Insolvencies in the construction sector have jumped in the last month as the UK’s cost of living crisis starts to bite for businesses says Mazars, the international audit, tax and advisory firm. The data shows that 67 construction businesses went bust in February 2022, the highest figures since before the pandemic and up 22% on the number that closed in January.

Mazars says that Britain’s cost of living crisis is now starting to bite for businesses as well as consumers, with the sharply rising cost of construction materials and energy bills pushing more already-struggling construction firms into insolvency.

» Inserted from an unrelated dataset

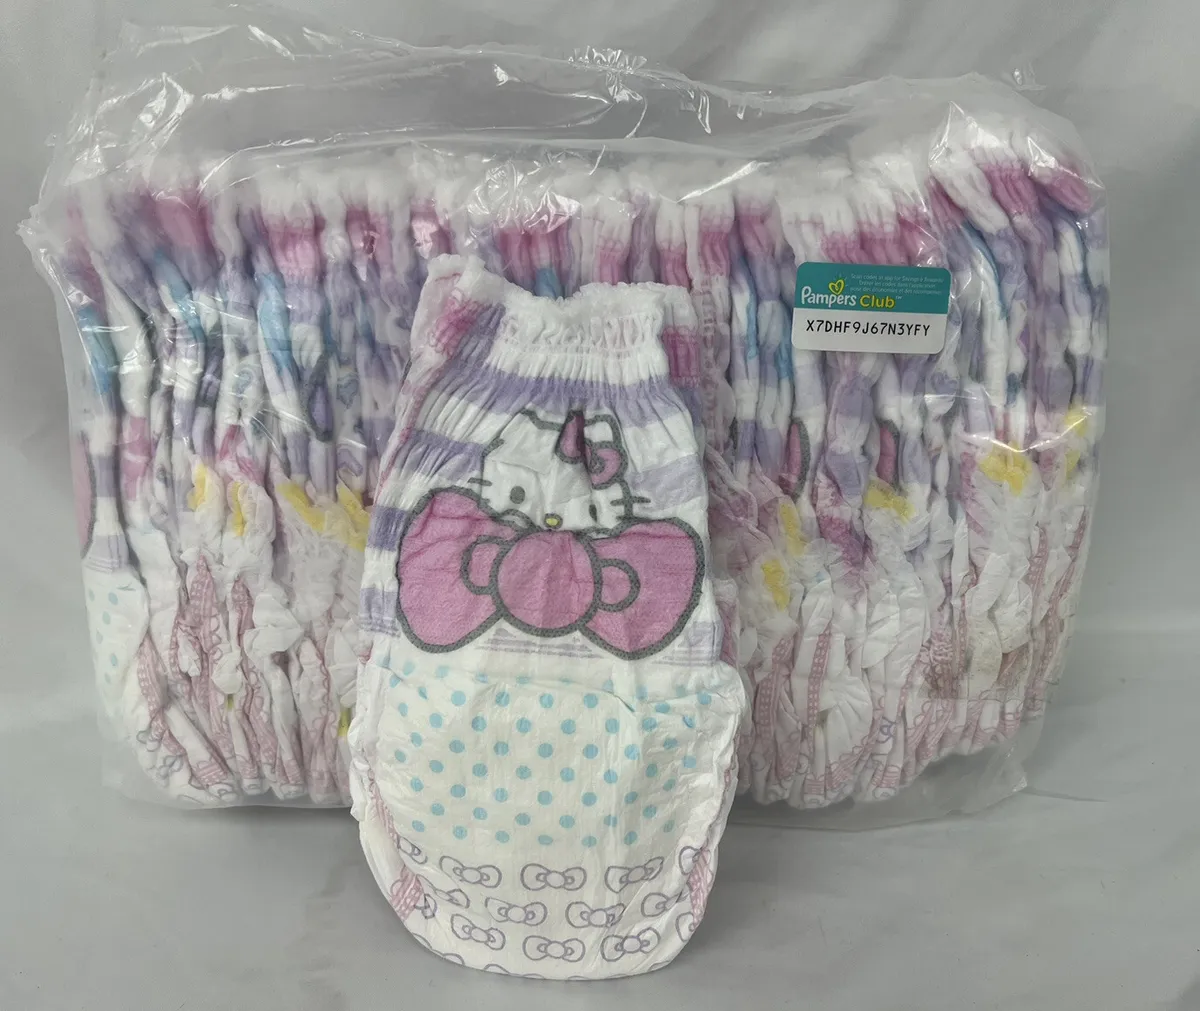 pampers hello kitty

Many construction contractors already operate on very thin margins and have to deal with issues of late payment by their clients. Even a small rise in costs can be enough to trigger a rise in insolvencies.

Creditors are also now able to file winding-up petitions against businesses that owe them more than £750, after the level of debt was increased to £10,000 during the pandemic. This is also driving up the number of construction businesses closing.

Mike Pallott, Partner in the Restructuring Services team at Mazars, said “Britain’s cost of living crisis is hurting not just households but businesses too.”

“Construction businesses are facing a very tough period. With inflation not yet under control, cost and supply chain pressures are going to get worse for the sector before they get better.”

“With no more Government protection from creditors, we’re likely to see insolvencies continue to rise in the construction industry.”